AVAILABLE DATA -
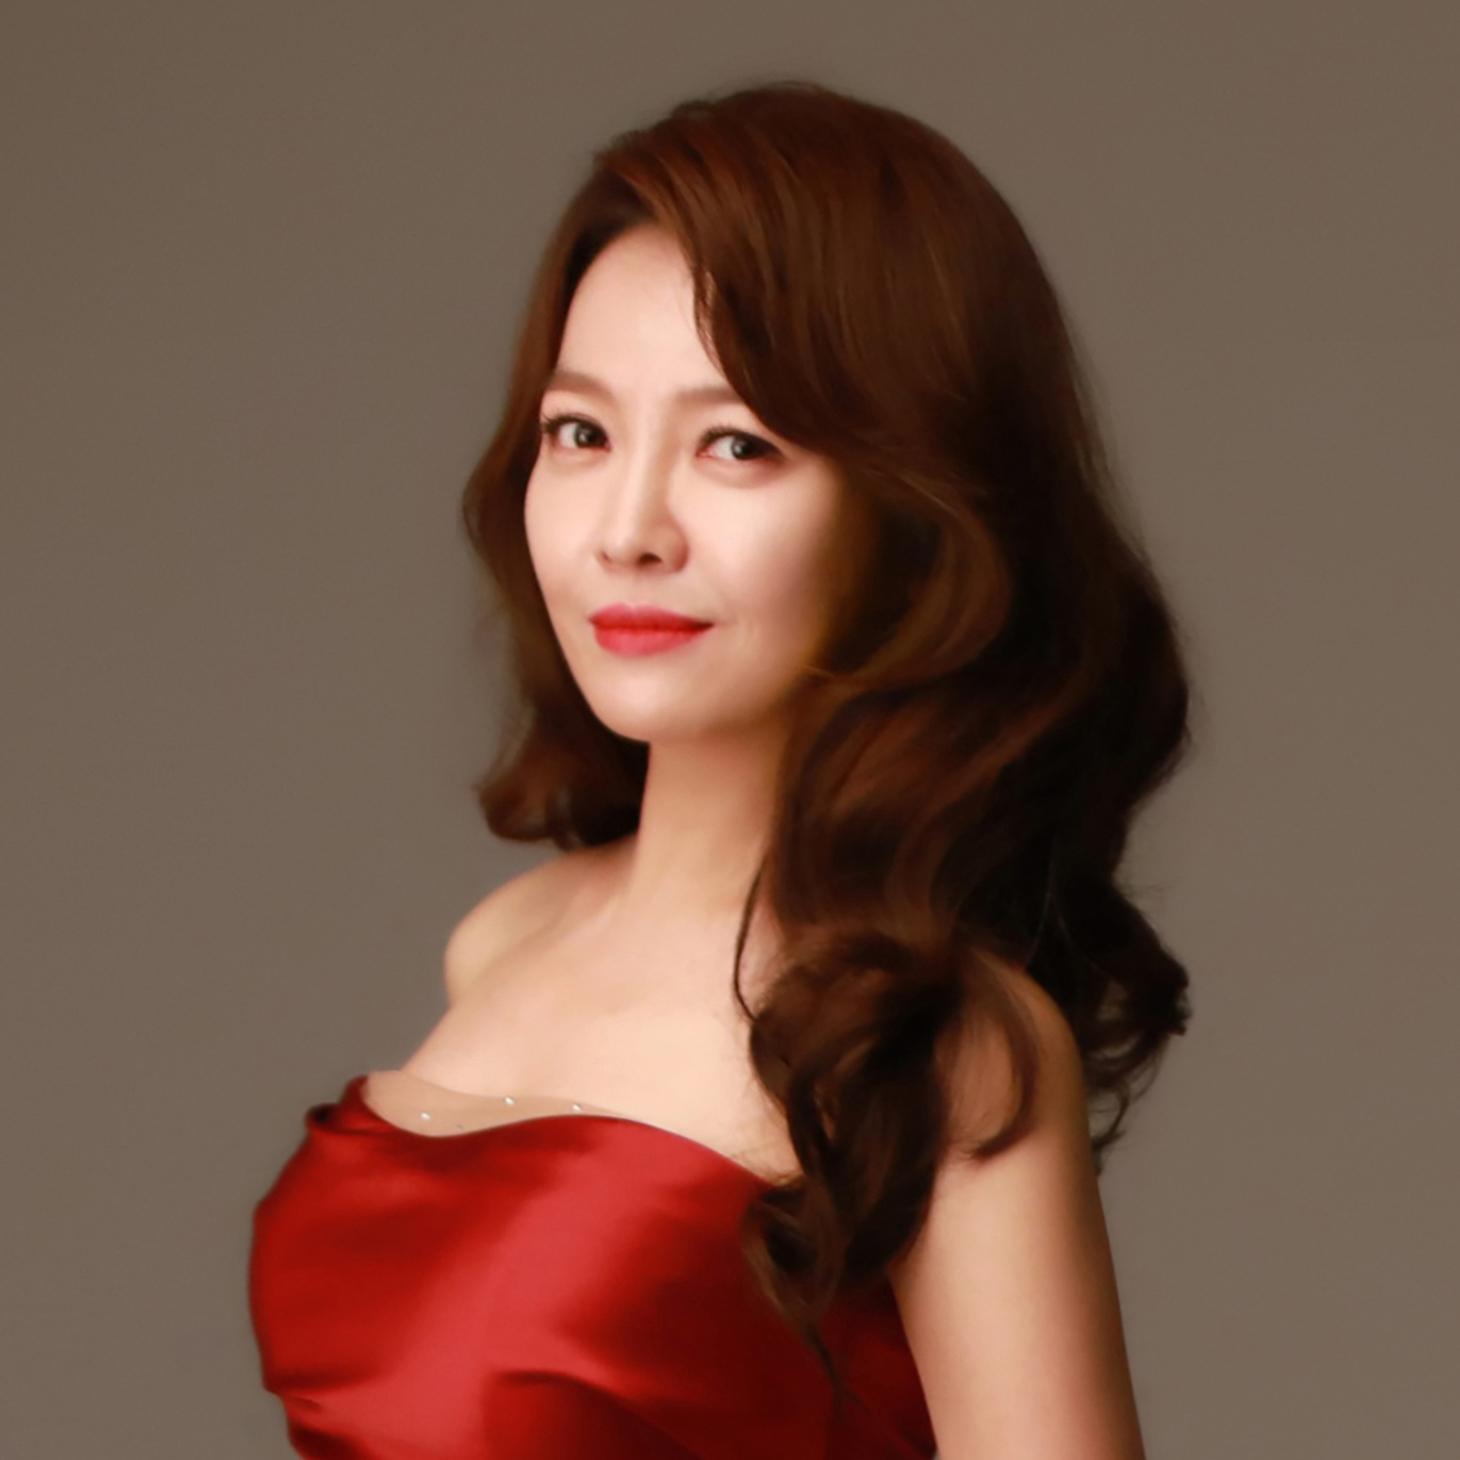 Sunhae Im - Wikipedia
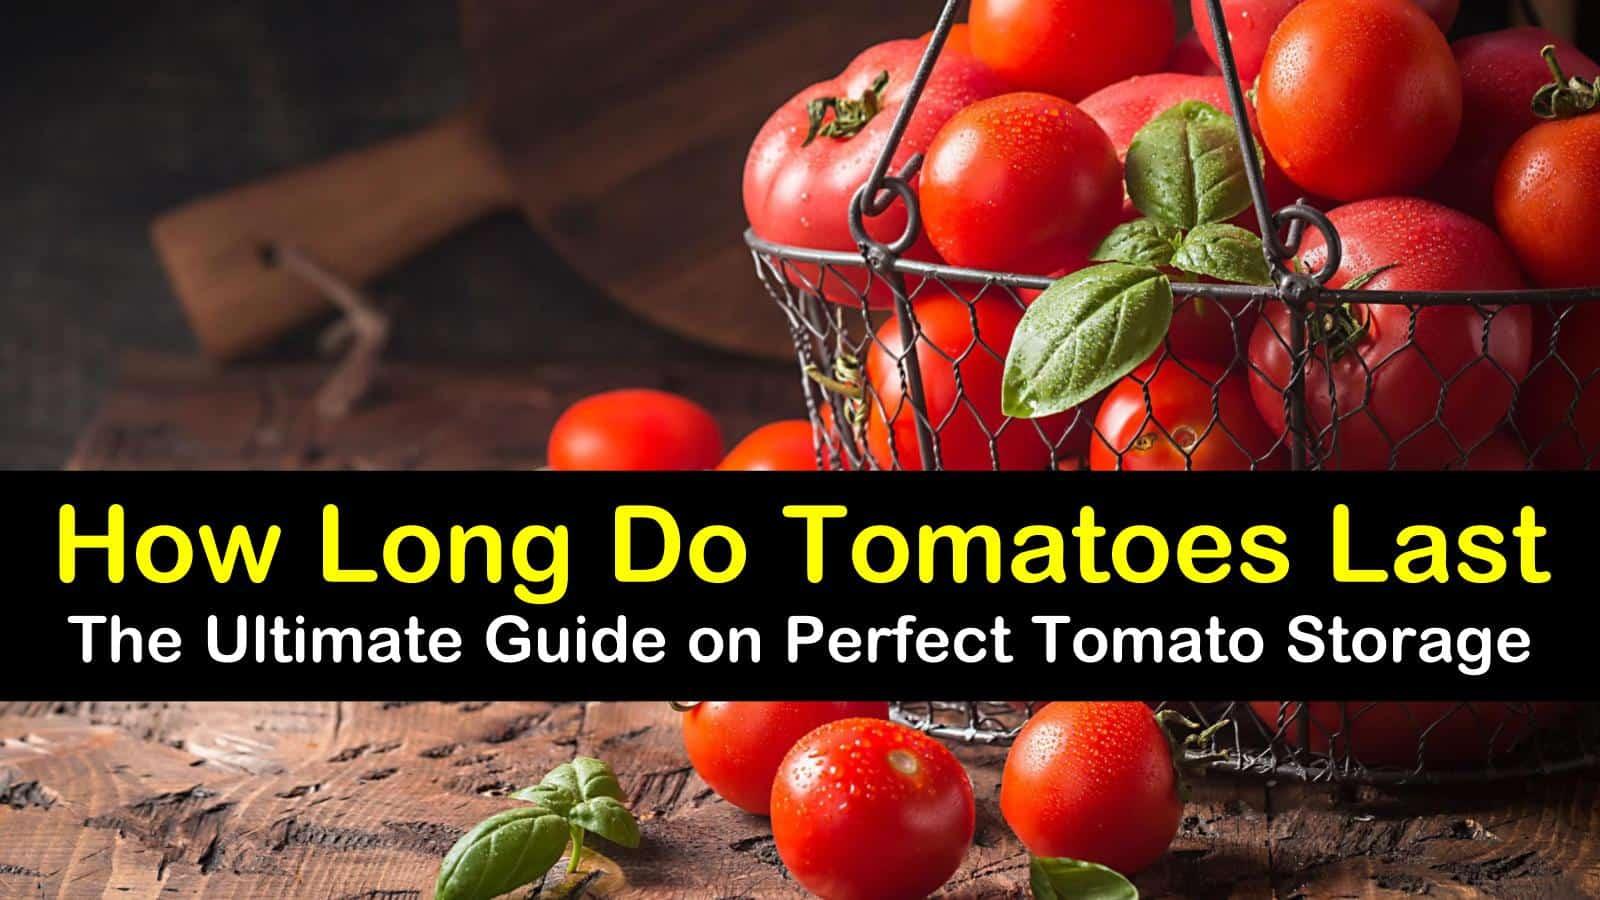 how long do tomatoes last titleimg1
---
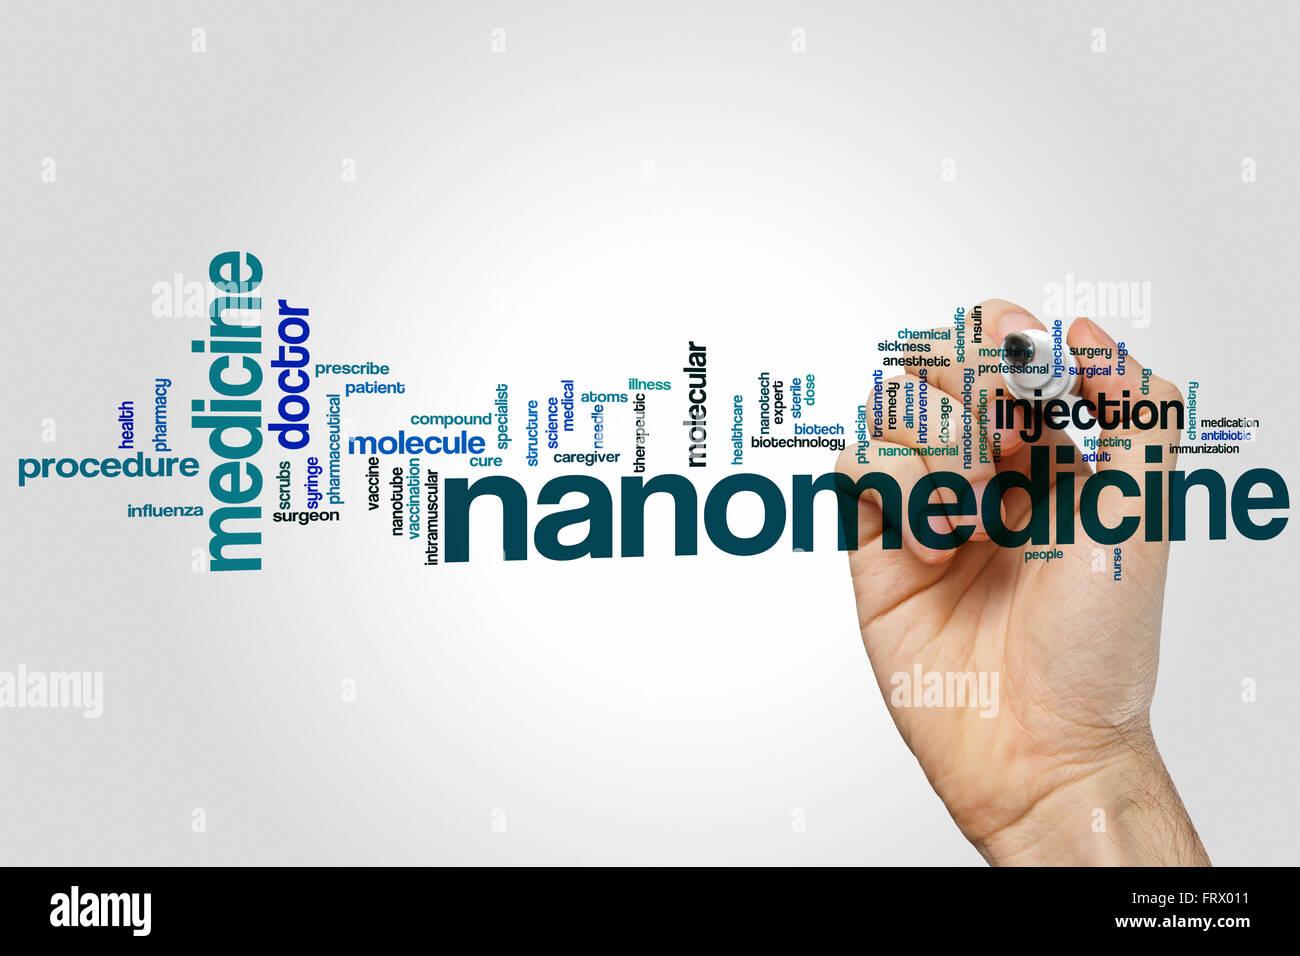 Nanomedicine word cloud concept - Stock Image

TASK TO CARRY OUT - Beginning with the line holding "Sunhae Im - Wikipedia" in the material above, restate word for word each line through the line holding "how long do tomatoes last titleimg1", and exclude pictures.

YOUR SOLUTION -
 Sunhae Im - Wikipedia
 how long do tomatoes last titleimg1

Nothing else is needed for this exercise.